Are there some U.S. skills shortages that cannot be solved by raising wages and changing training patterns? Of course, but they involve thousands of jobs, not hundreds of thousands or millions of them. If a university seeks a professor of Mongolian languages and literature who must have a PhD and a native's skill with that language, the university should be able to recruit overseas; so should a zoo that needs a veterinarian really skilled with the diseases of the water buffalo.

But nonimmigrant worker programs started decades ago to handle such one-off shortages have morphed over time into massive admissions systems that not only fill jobs with aliens that could have been filed by residents (citizens and green card holders) they lower wages for all concerned where they concentrate. Thus, these systems impose both displacement and wage-depression impacts on the U.S. labor markets.

Are There Really Jobs Americans Won’t Do?

Of the 472 civilian occupations, only six are majority immigrant (legal and illegal). These six occupations account for 1 percent of the total U.S. workforce. Moreover, native-born Americans still comprise 46 percent of workers even in these occupations.

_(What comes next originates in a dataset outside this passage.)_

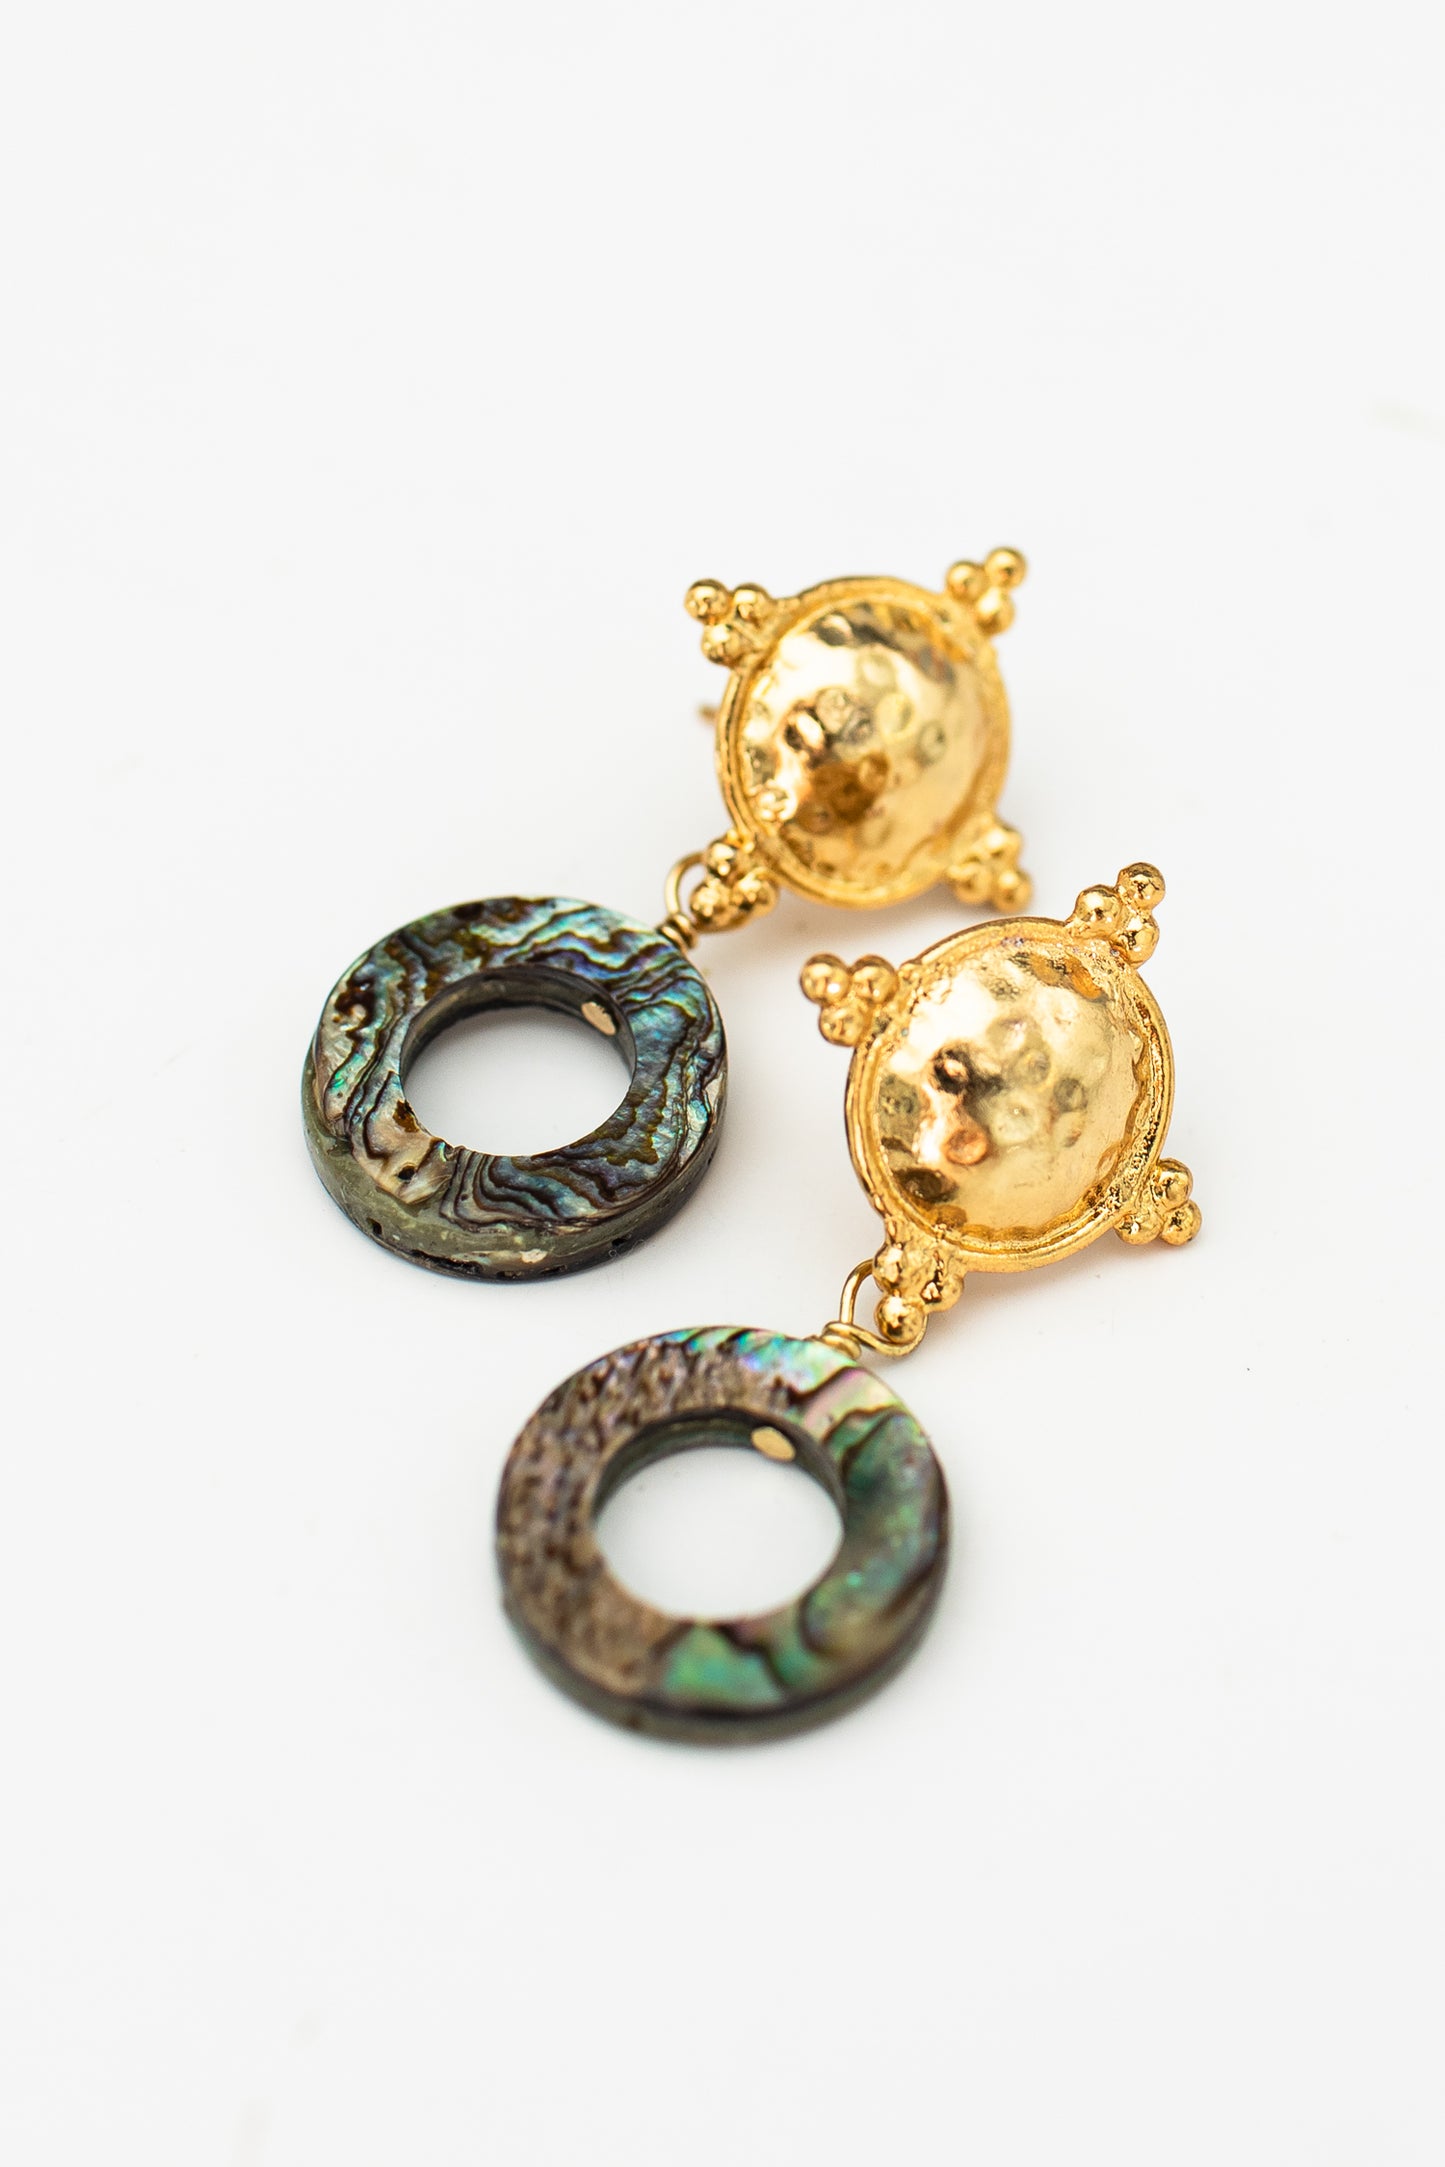 Quatrefoil abalone shell earrings

Many jobs often thought to be overwhelmingly immigrant (legal and illegal) are in fact majority native-born:

Maids and housekeepers: 51 percent native-born

Taxi drivers and chauffeurs: 58 percent native-born

Butchers and meat processors: 63 percent native-born

Grounds maintenance workers: 64 percent native-born

Construction laborers: 66 percent native-born

Porters, bellhops, and concierges: 72 percent native-born

Janitors: 73 percent native-born

Although illegal immigrants comprise a large share of workers in agriculture, farm workers are only a tiny share of the total labor force. Consistent with other research, just 5 percent of all illegal immigrants work in agriculture.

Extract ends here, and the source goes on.